== EXERCISE DETAILS ==
Copied exactly and without pictures, the lines from the beginning of the entries through the one that holds "United States Marine" should form the entire reply.

== EXCERPTED RECORDS ==
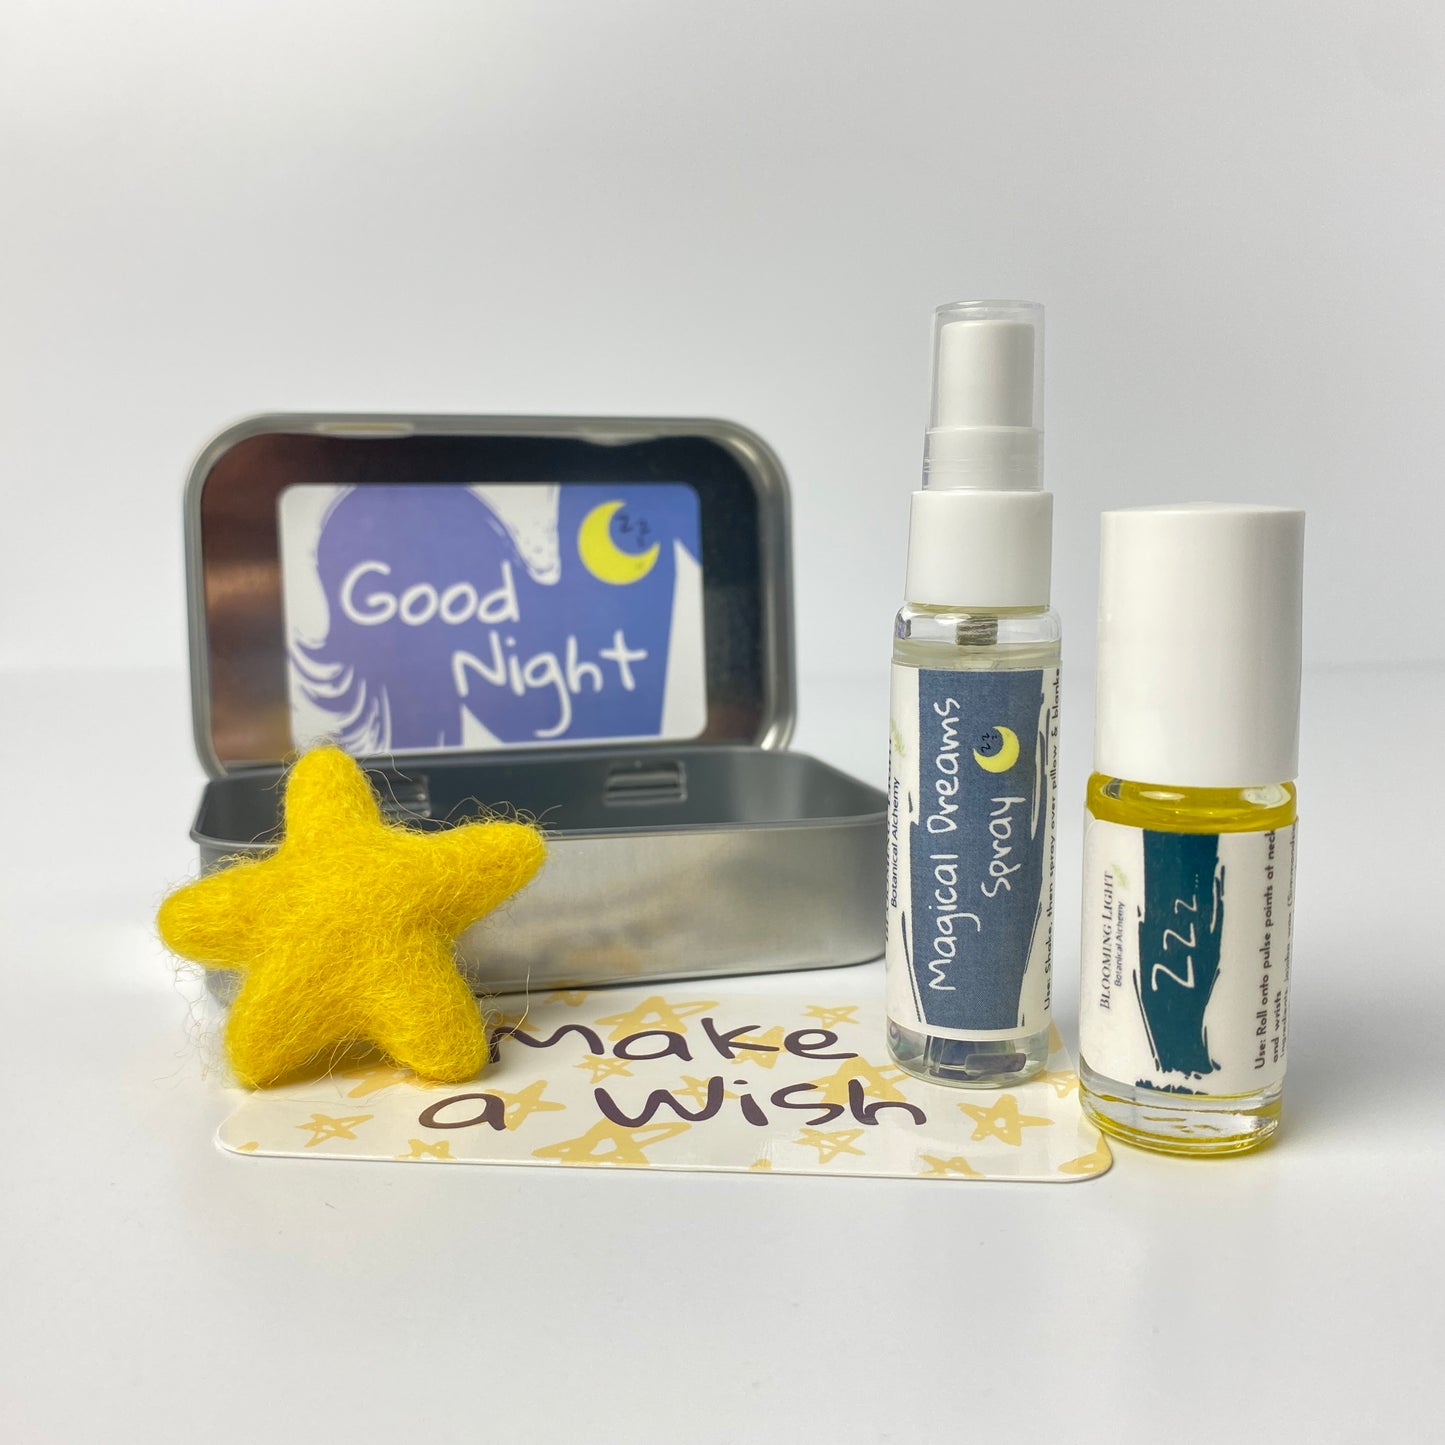 Magical Dreams Aromatherapy Kit
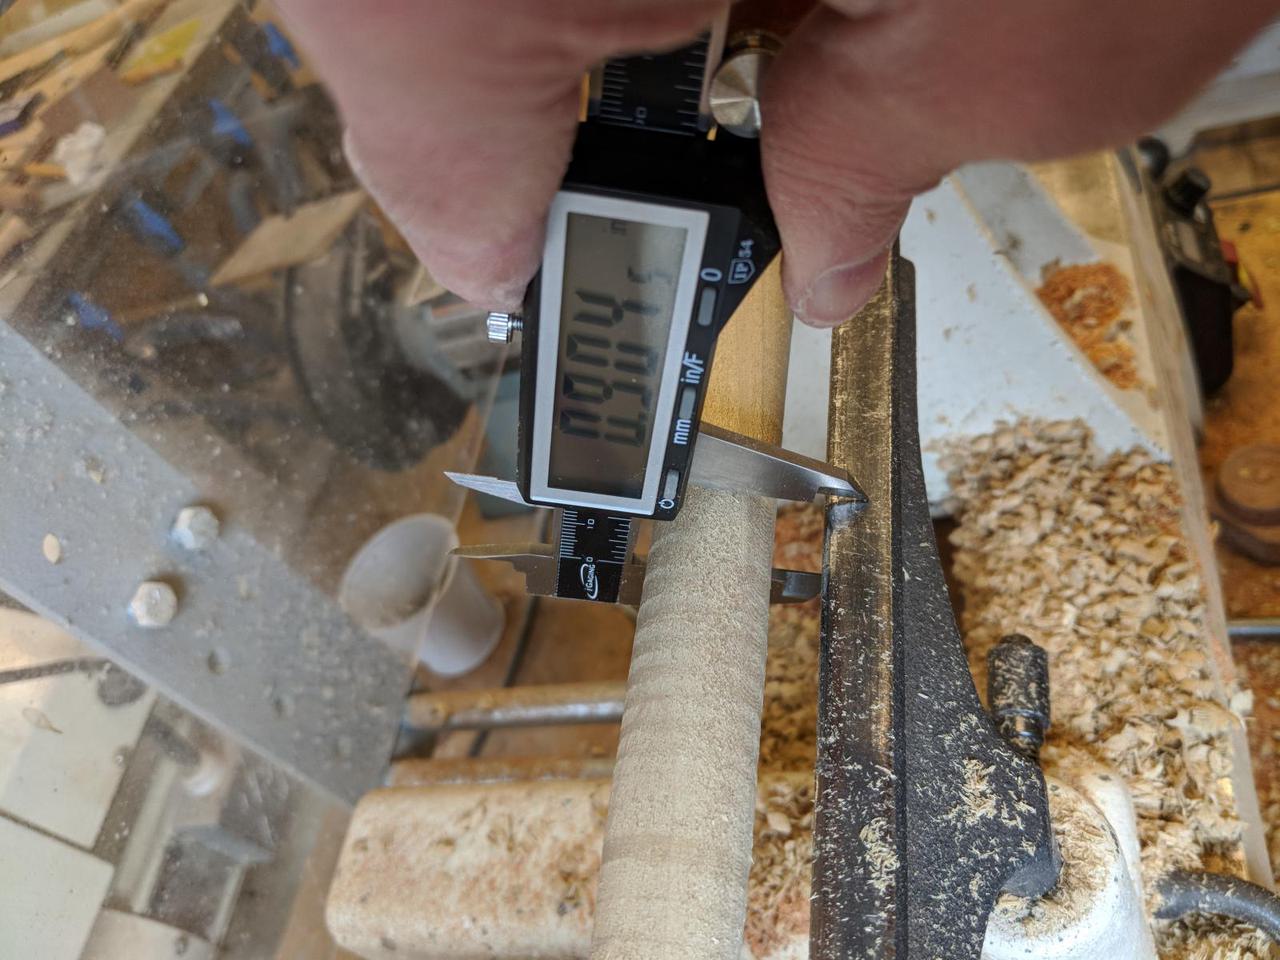 digital calipers measuring width of cylinder.
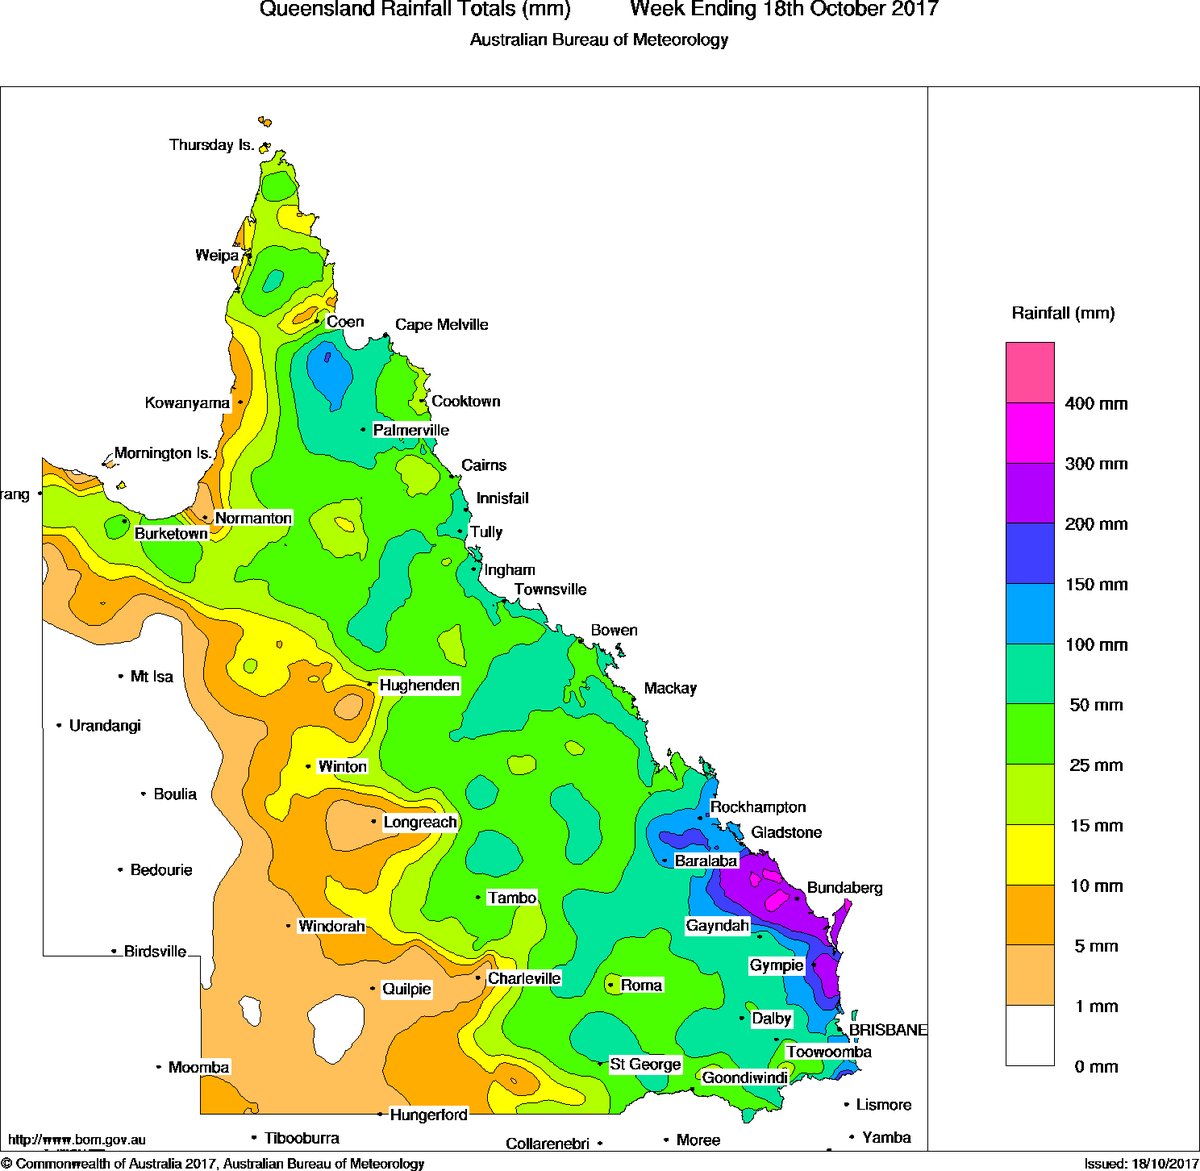 Queensland rainfall from October 16 - 18, 2017
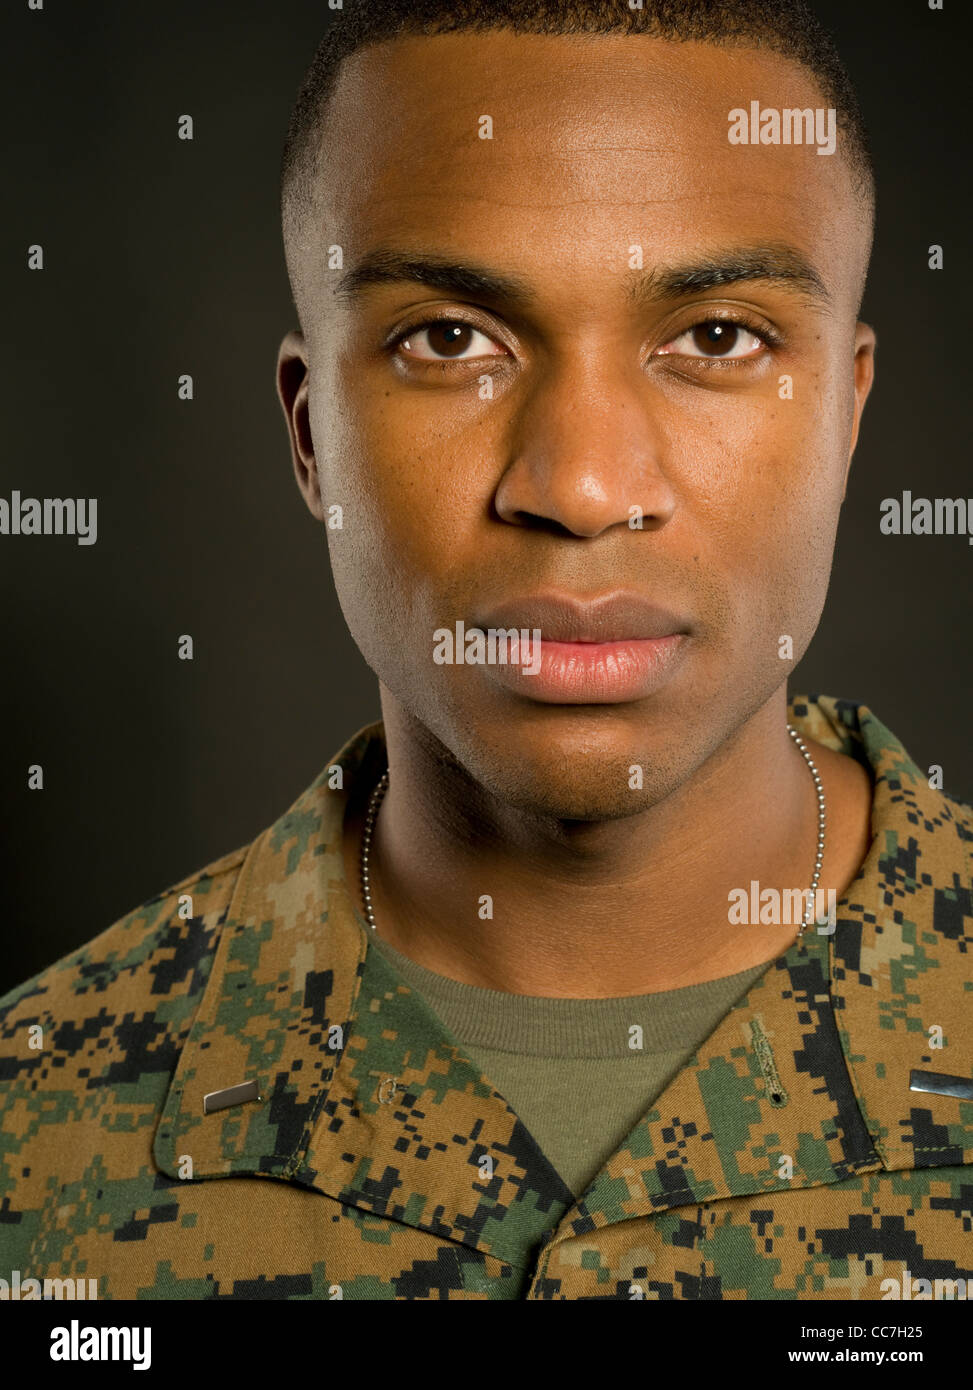 United States Marine Corps Officer in Marine Corps Combat Utility Uniform  MARPAT digital camouflage pattern woodland pattern Stock Photo - Alamy
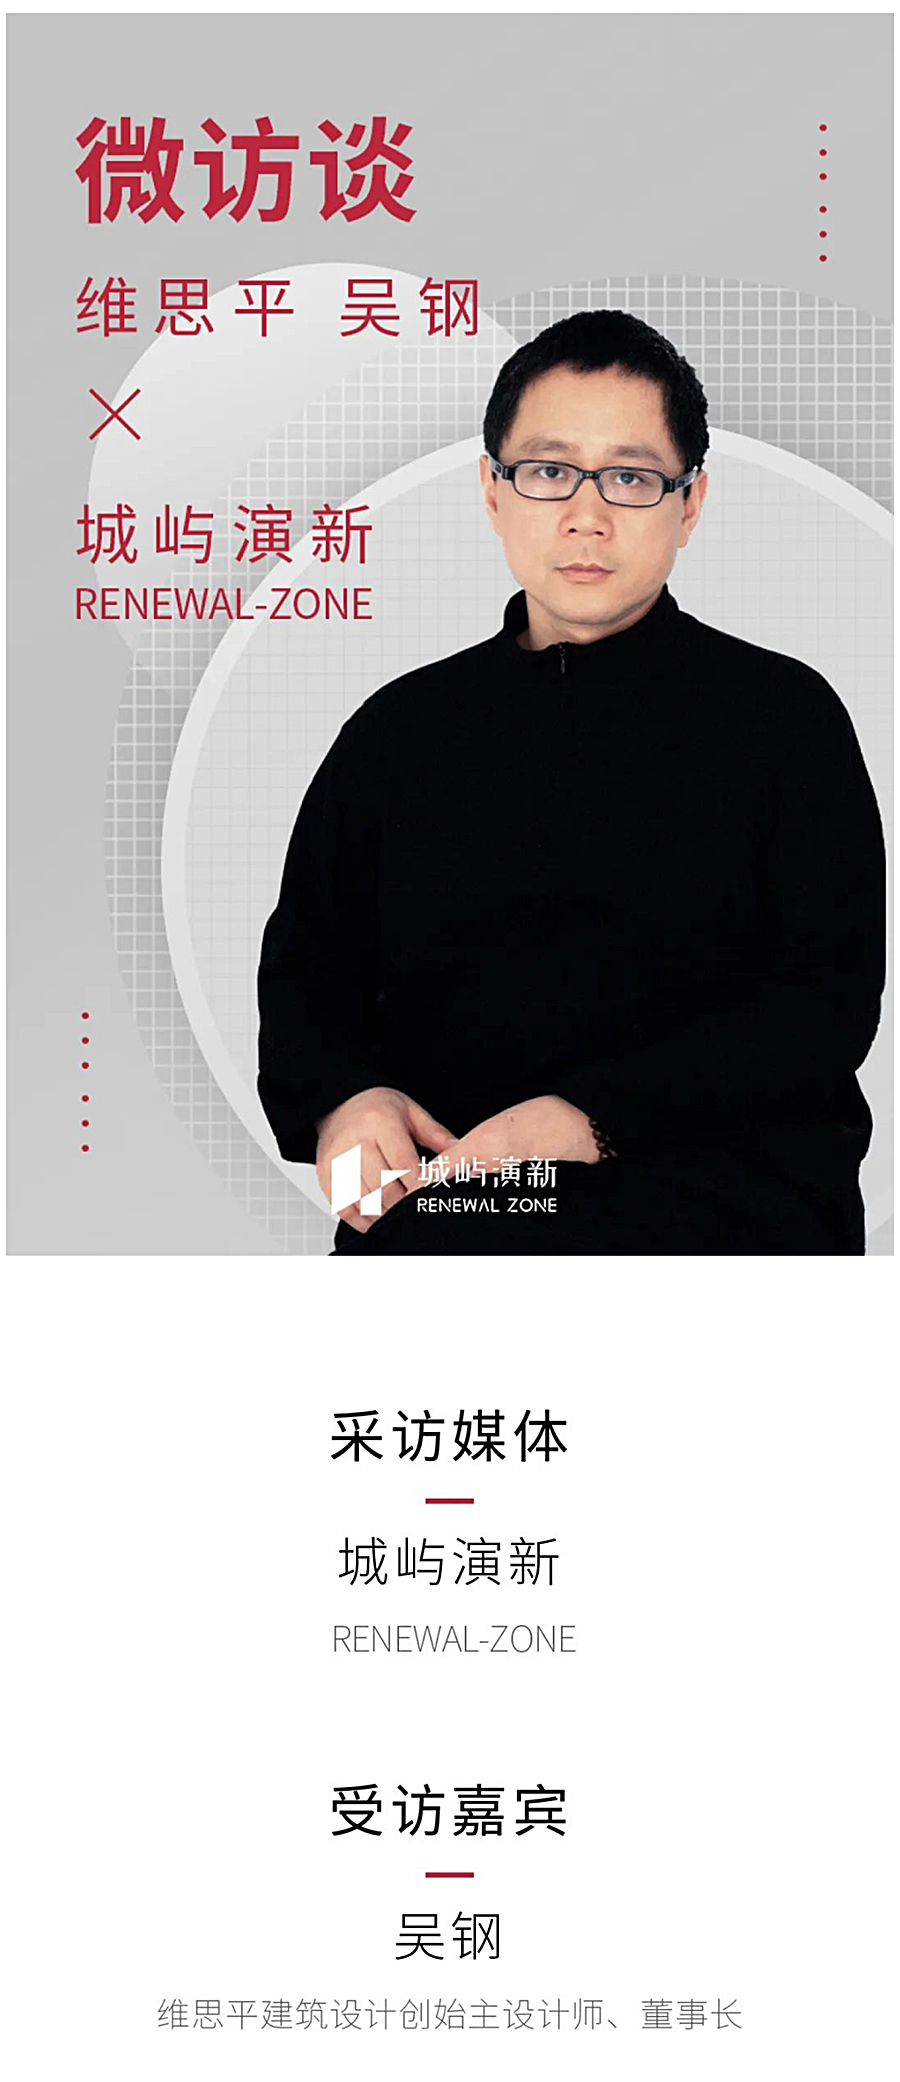 Renewal-Zone：维思平_吴钢-_-专注可持续平常空间的构建，助力产业及生活的升级迭代_0001_图层-2.jpg

== WRITTEN SOLUTION ==
 Magical Dreams Aromatherapy Kit
 digital calipers measuring width of cylinder.
 Queensland rainfall from October 16 - 18, 2017
 United States Marine Corps Officer in Marine Corps Combat Utility Uniform  MARPAT digital camouflage pattern woodland pattern Stock Photo - Alamy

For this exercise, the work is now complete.